> Work order
The copy must match the data below line for line and contain no images.

> Data
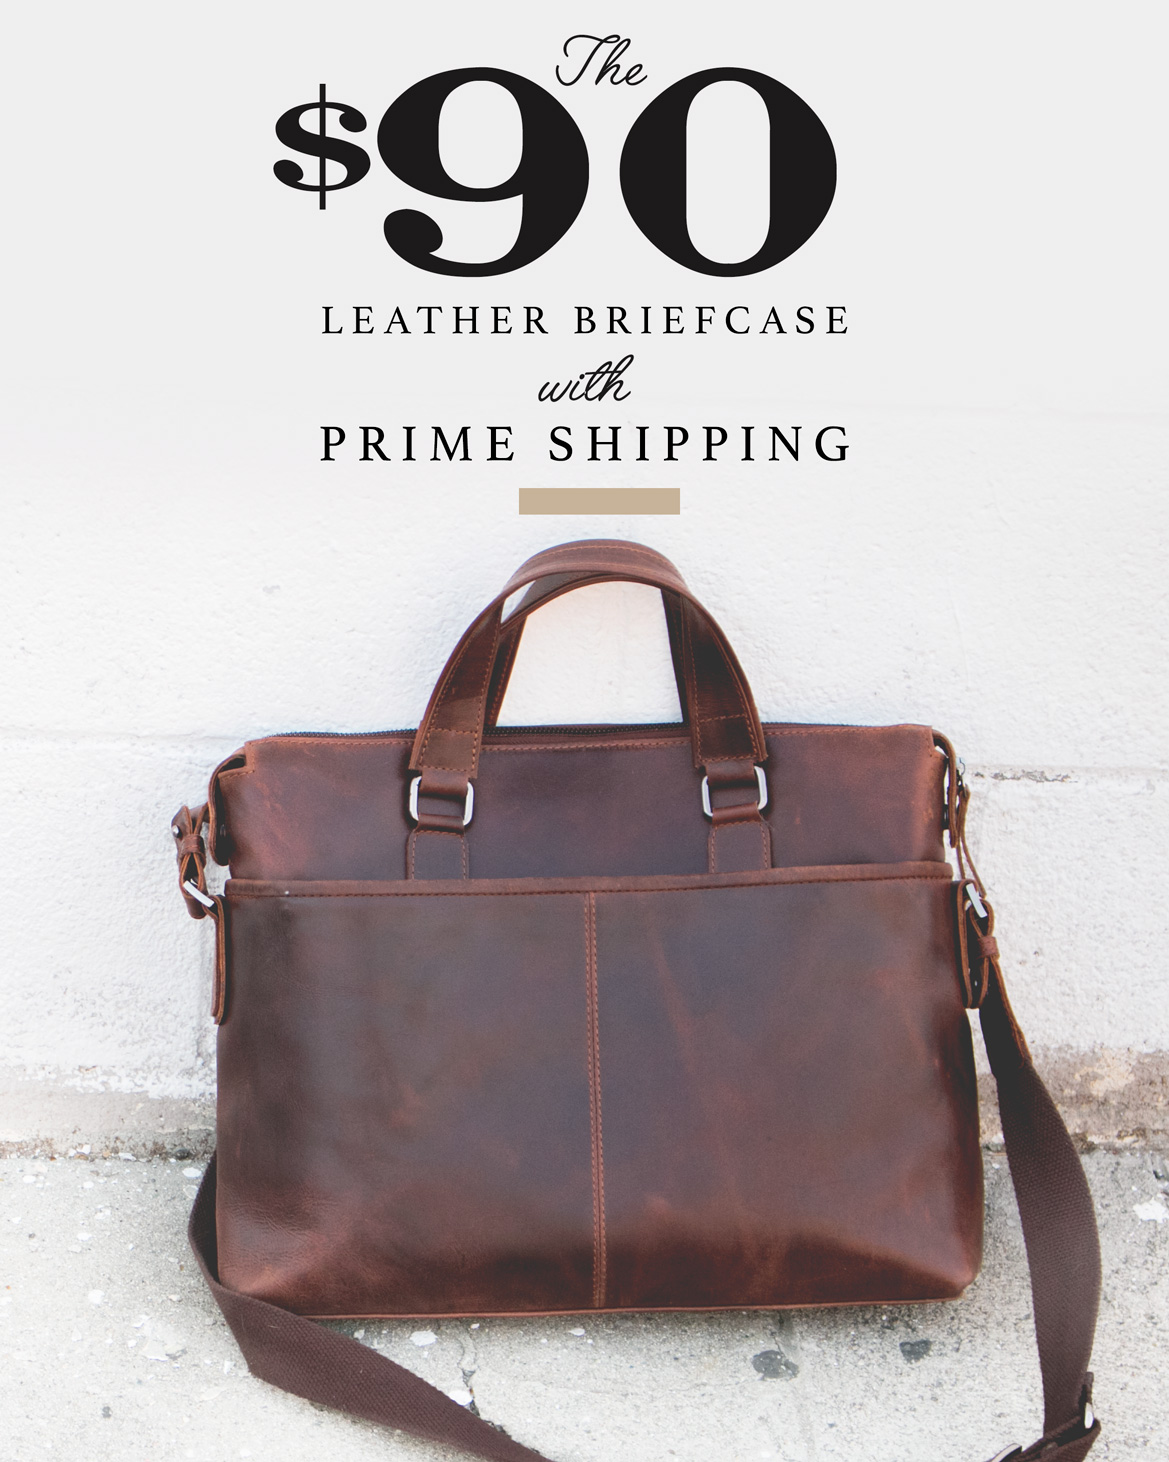 Affordable leather briefcase
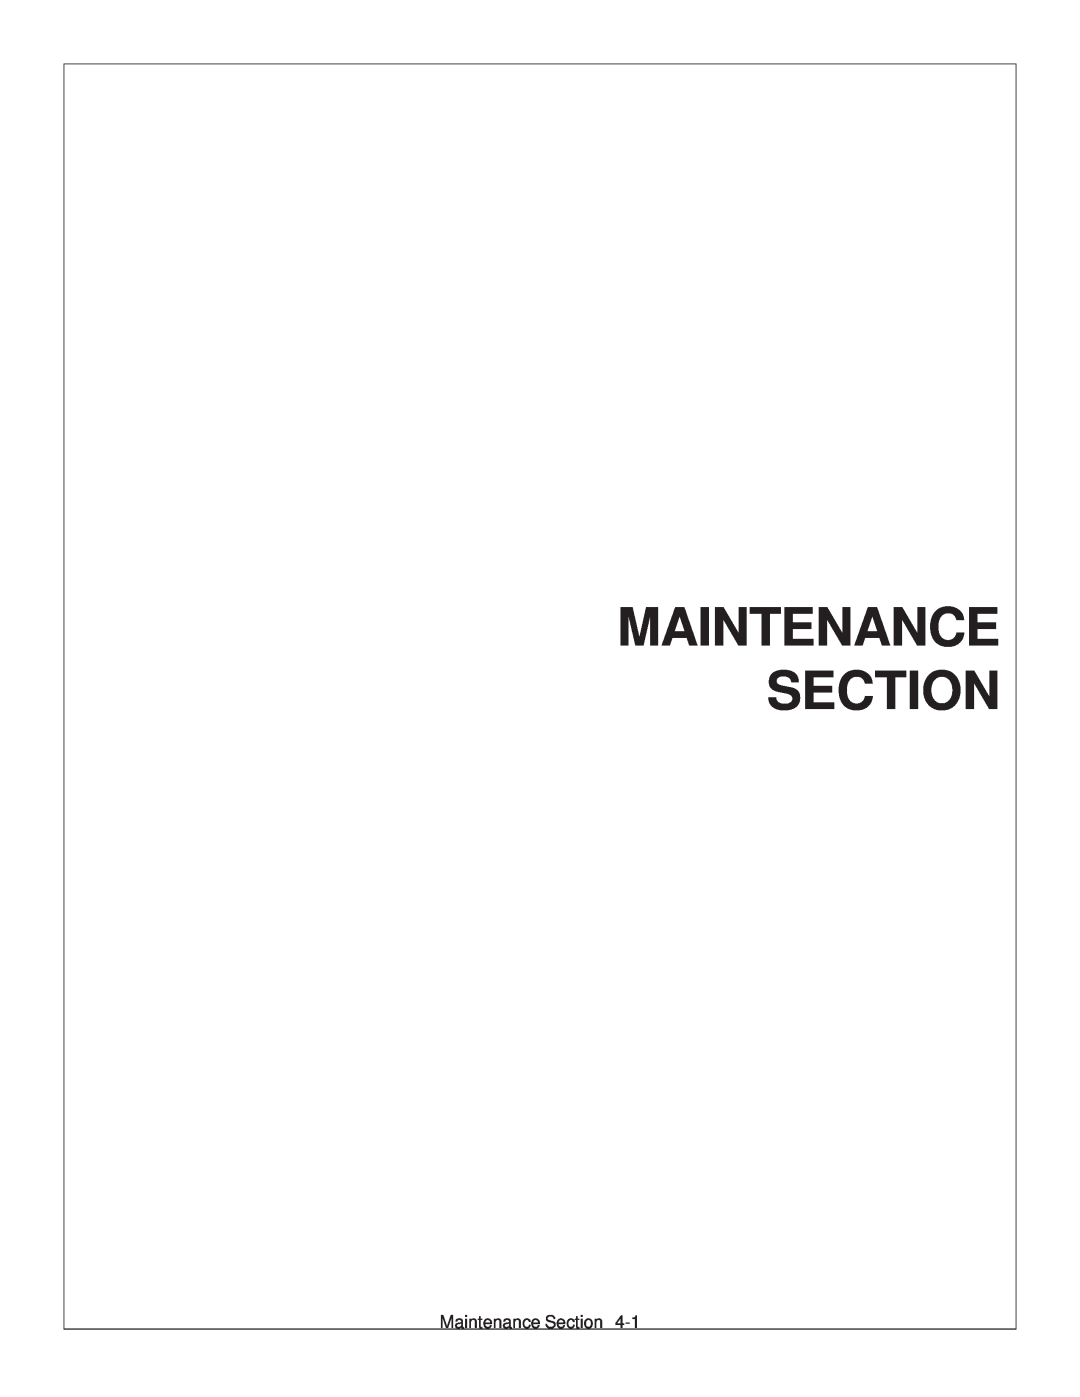 Tiger Products Co., Ltd JD 72-7520 manual Maintenance Section 
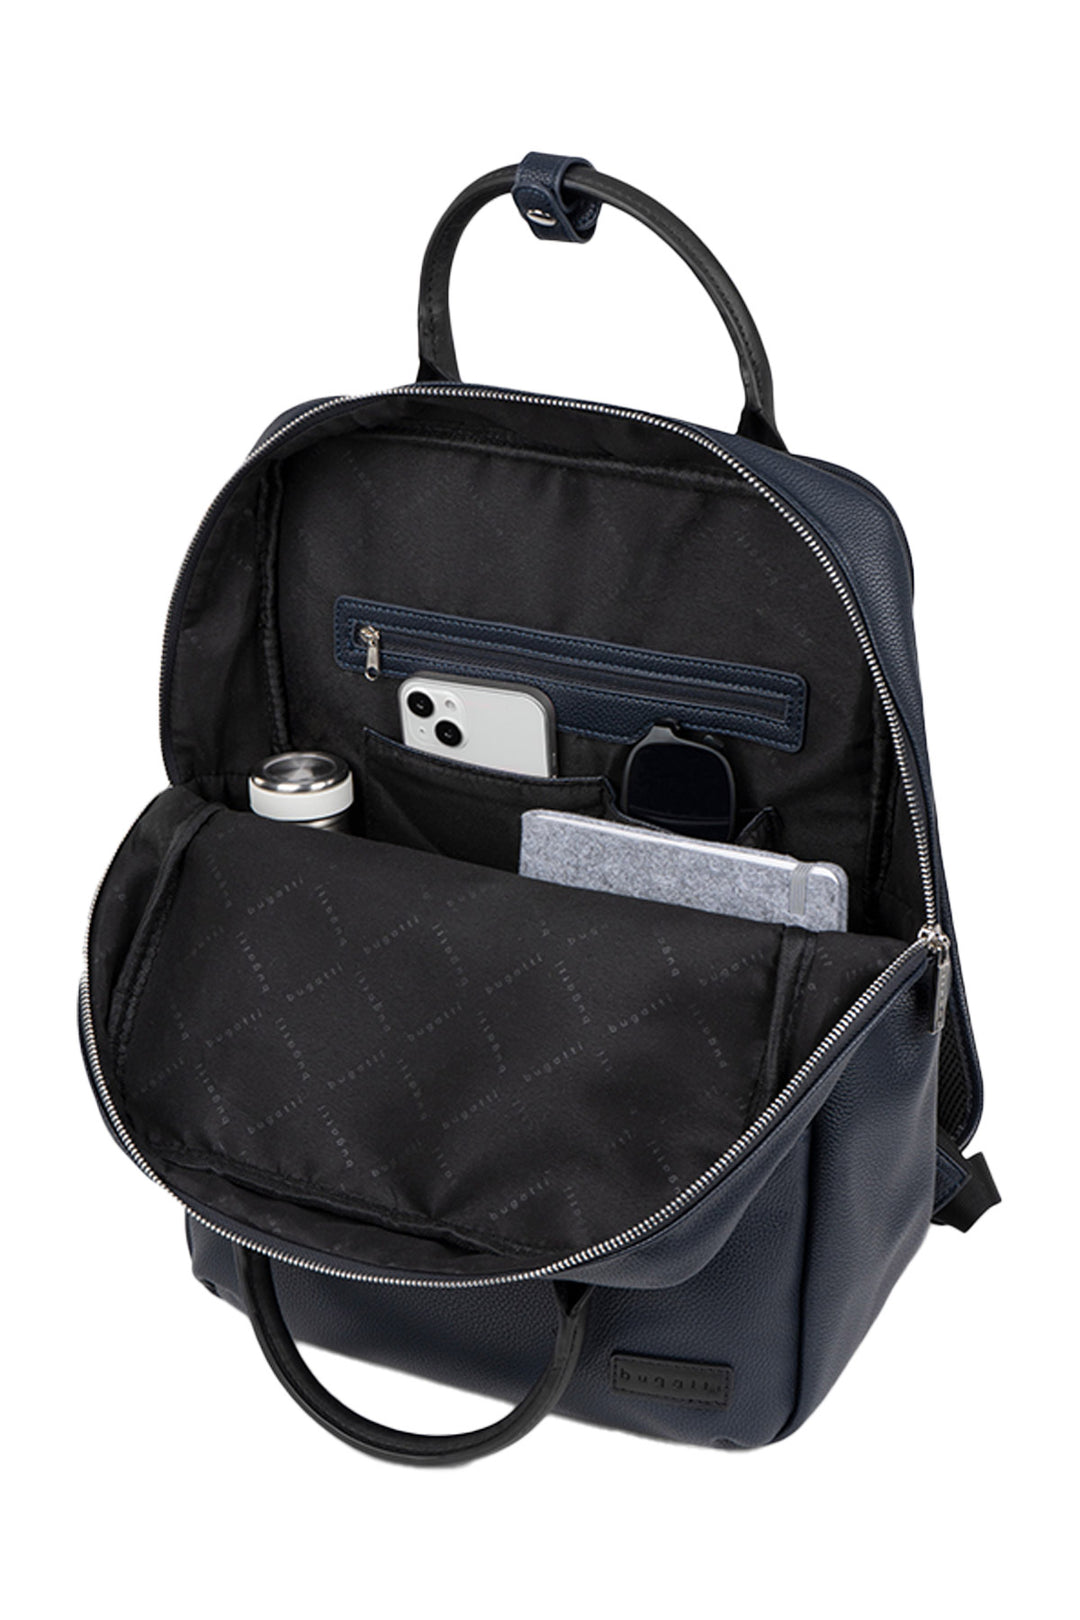 Bugatti Contrast Collection Backpack
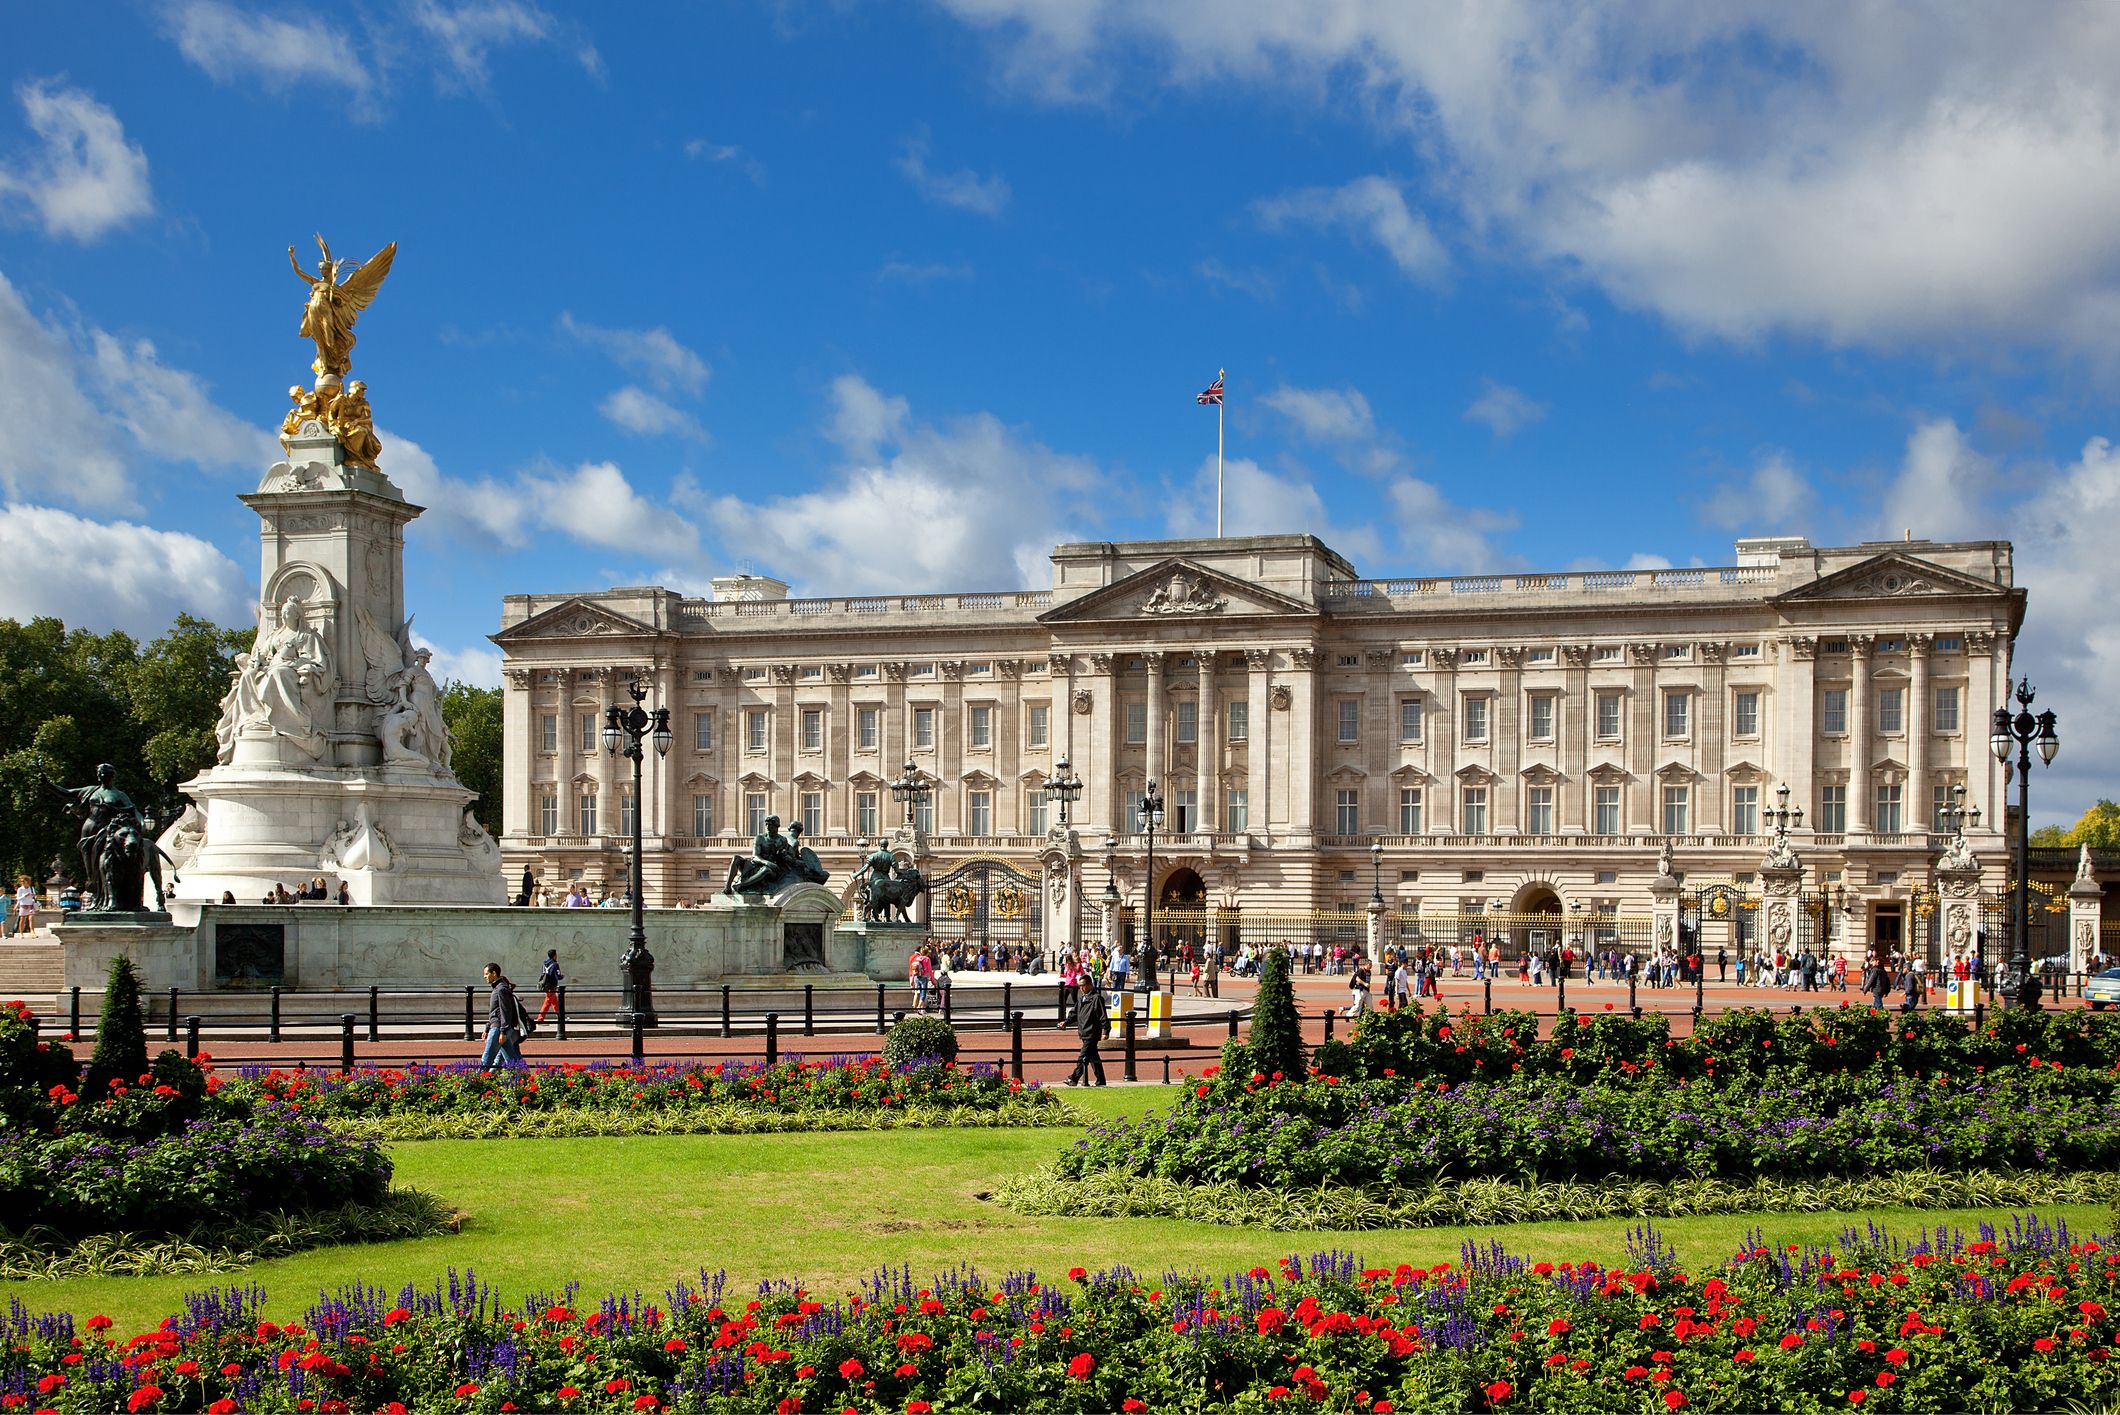 Behind-the-Scenes Video Shows the Basement of Buckingham Palace - Buckingham Palace Restoration

> Output below
 Affordable leather briefcase
 Tiger Products Co., Ltd JD 72-7520 manual Maintenance Section 
 Bugatti Contrast Collection Backpack
 Behind-the-Scenes Video Shows the Basement of Buckingham Palace - Buckingham Palace Restoration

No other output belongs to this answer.